I thought the noble Lord, Lord Teverson, made a significant point that repairing our marine biodiversity is as important as rebuilding our land-based biodiversity. But it is true that, as it stands, the Bill ignores the marine environment completely. I agree that that needs to be addressed.

Sadly, our seas and oceans are increasingly polluted. Plastics and microplastics, chemical fertiliser, run-offs from agriculture and, as we debated earlier, sewage discharges, are all damaging the quality of our seas. We are killing off our coral, creating ocean dead zones, and allowing excess algae blooms to suck the oxygen out of our water. The effects of this are damaging to both marine and human life, but, as the noble Lord, Lord Teverson, argued, if we act now, reverse those trends and encourage new growths of seaweeds and seagrasses, the oceans could be harnessed as a positive source of carbon sequestration in our climate change strategy. There is everything to fight for.

In his Second Reading response, the Minister mentioned the blue belt around our overseas territories. Of course this is welcome, as is the growth of marine protected areas around the UK coastline, but there is so much more we should be doing. The current marine protected areas still allow damaging seabed extraction and fishing. I hope the Minister can confirm that the recommendation of his colleague, the noble Lord, Lord Benyon, that there should be a string of highly protected marine areas will be implemented in full.

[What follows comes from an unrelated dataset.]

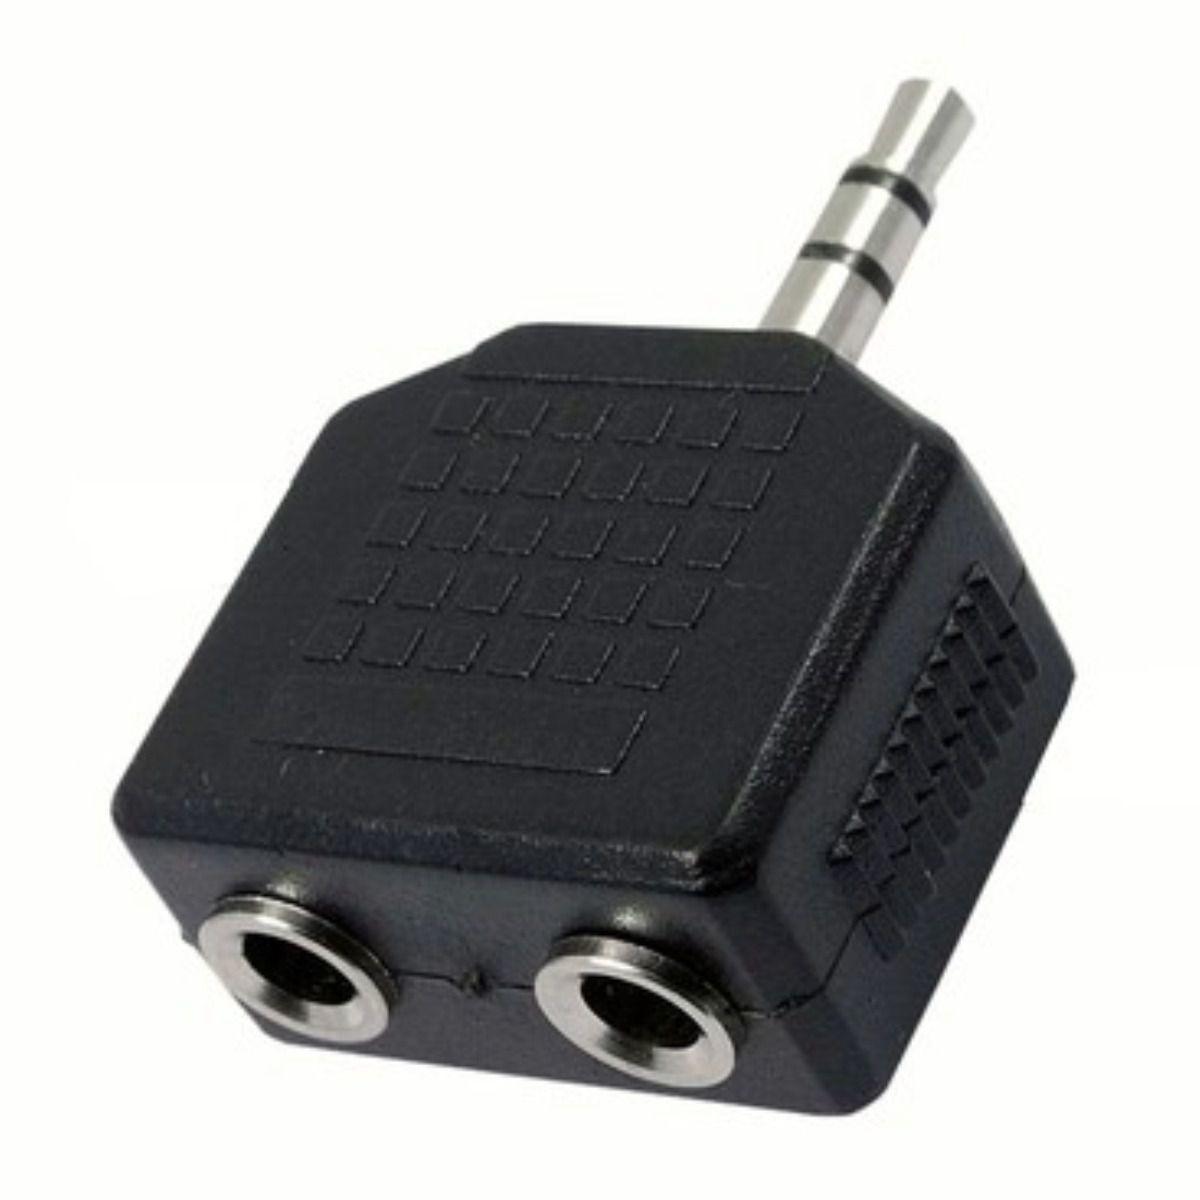 Adaptador De Áudio 1 P2 Macho Para 2 P2 Femea

Sadly, so far, the Government have seemed reluctant to legislate to ensure that any future marine protections are legally enforceable. That is why we would welcome the inclusion of robust marine biodiversity targets in the Bill. Our experience with the Fisheries Bill last year was that the Government were not prepared to put sustainable fishing at the heart of the Bill. As a result, the charity Oceana has reported that, post Brexit, only one-third of the UK’s key fish populations is in a healthy state, with bottom trawlers and supertrawlers causing particularly damaging effects on the marine environment. So, if not now, when will we see action on these issues?